I remember him as an incarnation of that cartoon character of the bewildered man holding up a hammer, with all the fingers on his other hand bandaged up, a hole in the wall behind him, and the shattered remains of one of those stupid flying ceramic ducks on the floor at his feet. You did not point my father at handyman jobs. The best he could do was hang a picture, and even THAT took planning and procedure and twice as long as anyone else would have taken to do it.
I remember him when he found out about a particular novel of mine, which I had successfully kept under wraps right until I could announce that yes, it was being published, and his response when he was told about it was literally this:
“You wrote a book and are getting it published without ever having told me about it? I will never forgive you. Now give me the manuscript.”
And he took the MS printout and sat down with it on the living room sofa, and did not let go of it until he had turned the last page. And then he cried. And on the heels of that I remember that “Random”, the first book in my new series, bears a dedication to him… because this was the first book of mine that he did not live to see, to gather up and to collect lovingly on his shelf which was groaning with copies of my books in every language in which they had ever appeared, to read carefully, to store up another helping of approval and pride.
I don’t idealize him, nor idolize him. There are other memories and some are not wholly pleasant. But they’re all memories now.
This world has been empty of him for two years. His ashes are dispersed in the great quiet Pacific Ocean. His soul no longer clings to the dust of this dirtball of a planet. The things he loved are gone or are loved by someone else. There’s a sense of inevitability and of progression – the sense of loss is no less but it is also no longer sharp, no longer acute. And it feels self indulgent, these days, to remember him and cry. People lose parents every day. It’s the way of the world. It feels as though I should gird up my loins and wipe my nose and keep going, now.

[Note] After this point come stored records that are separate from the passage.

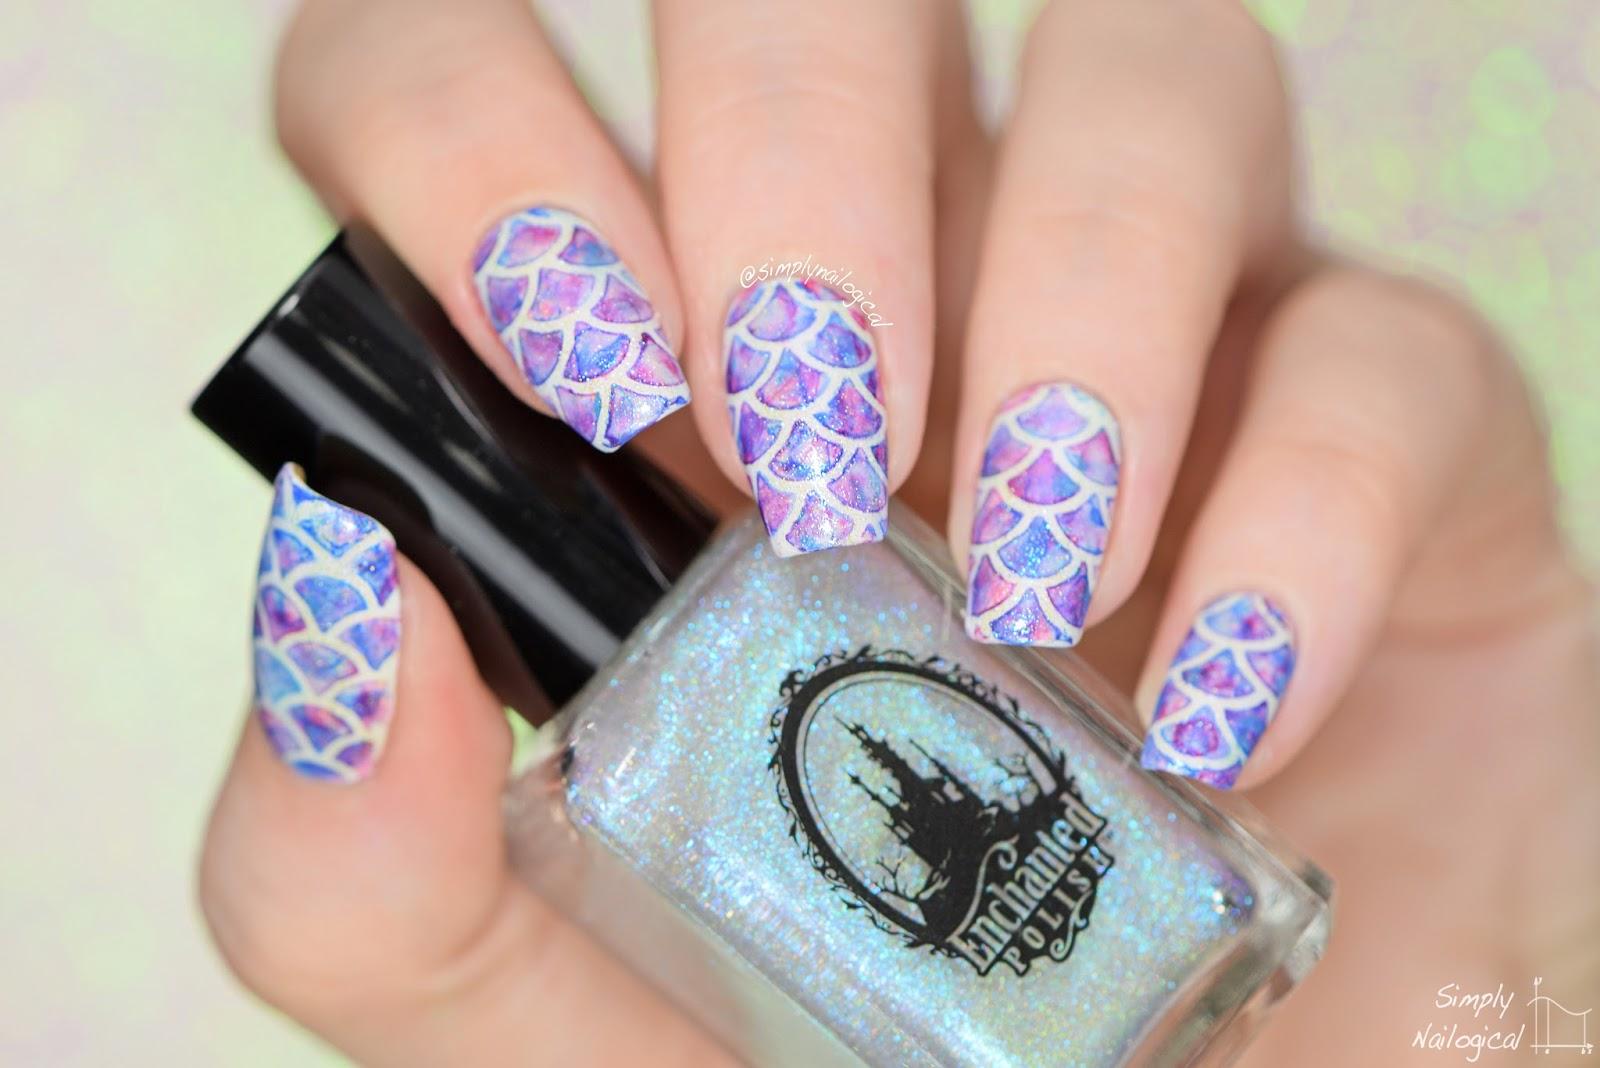 Simply Nailogical Watercolour Mermaid Nails
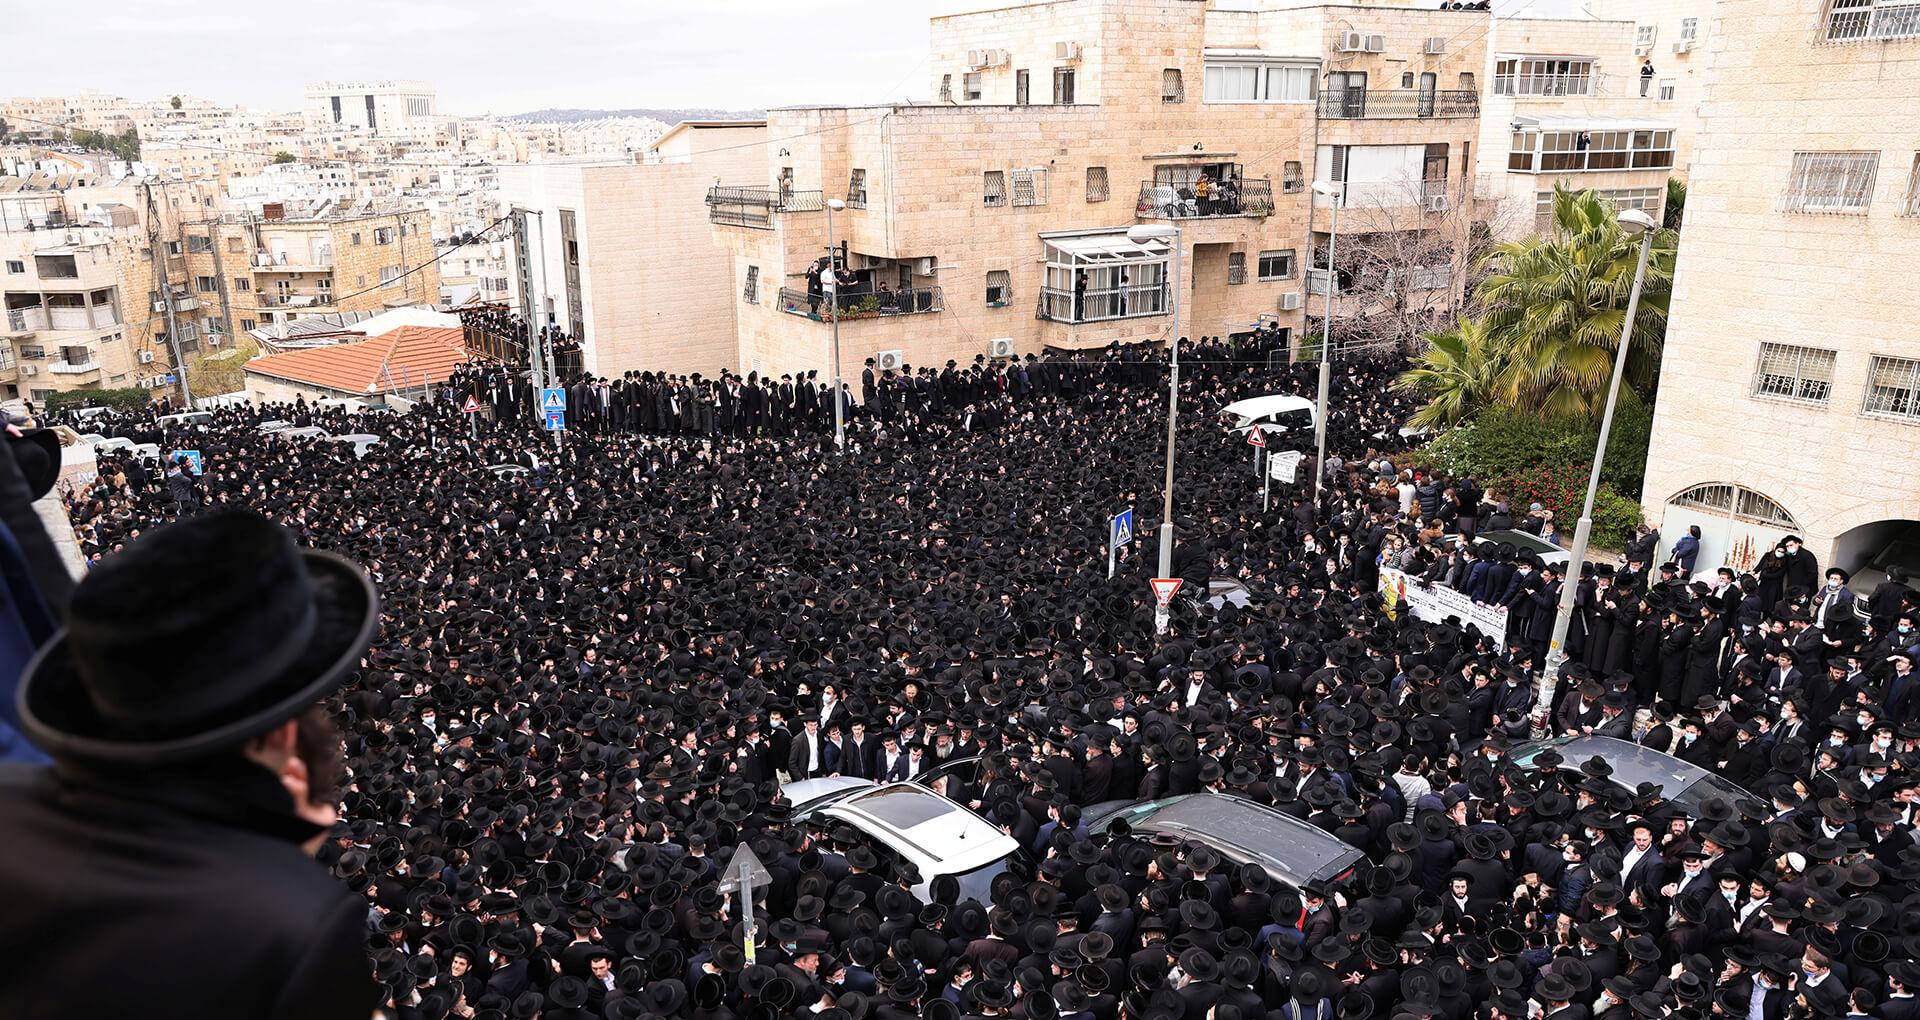 ההנהגה החרדית העדיפה להחזיר אש. אחת ההלוויות ההמוניות בירושלים (צילום: רויטרס)
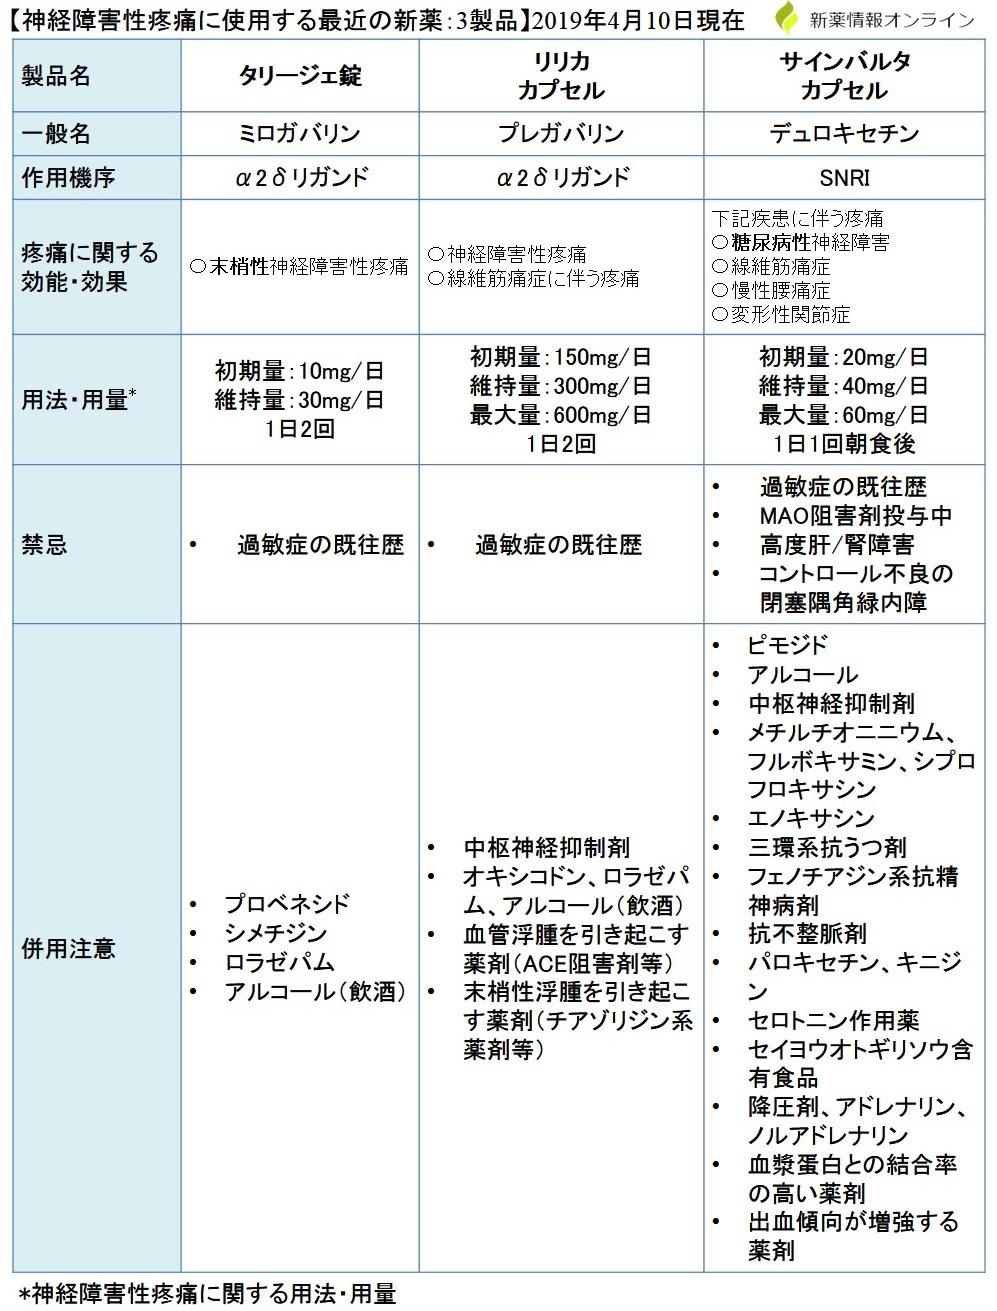 神経障害性疼痛に使用するタリージェ・リリカ・サインバルタの比較・一覧表

That part of my life is over, the part when I was this man’s daughter-in-the-flesh. I am now daughter-in-spirit, daughter-in-memory, I am the daughter that was, half a daughter, with only one living parent left to anchor me to that identity now. There will come a day on which I will have to say that I USED to be a daughter, and on that day I become an ex-daughter, an orphan, but I suppose I am lucky in that have kept my beloved parents for longer than it is given to some. I suppose when the inevitable day comes that my ancestral walls are all down and the cold winds can blow freely through the ruins of that childhood house which will exist no longer I will have the right and the permission to re-indulge one last time in that rawest, sharpest grief.
But for now… it’s the second anniversary. It feels too close, and too far away. I feel as though I am just far enough from shore not to know whether it’s worth paddling back towards land, or resolutely setting sail towards the unknown horizon. Perhaps, next year, the shore will have gone a little more distant still and the choice won’t be so hard to make. But now… right now… I still feel the tethers, invisible links to all that is left behind on that land I have left in my wake, and it feels… weird… almost dangerous… whatever I do.
So right now, on this second anniversary, I will do nothing at all. I will let myself float on the waters, and lie back in my cockleshell boat, and stare at the sky full of stars – and maybe I will see a star shoot across the sky, and know that on the second anniversary it might be okay if I let myself believe that my lost father is somehow remembering me.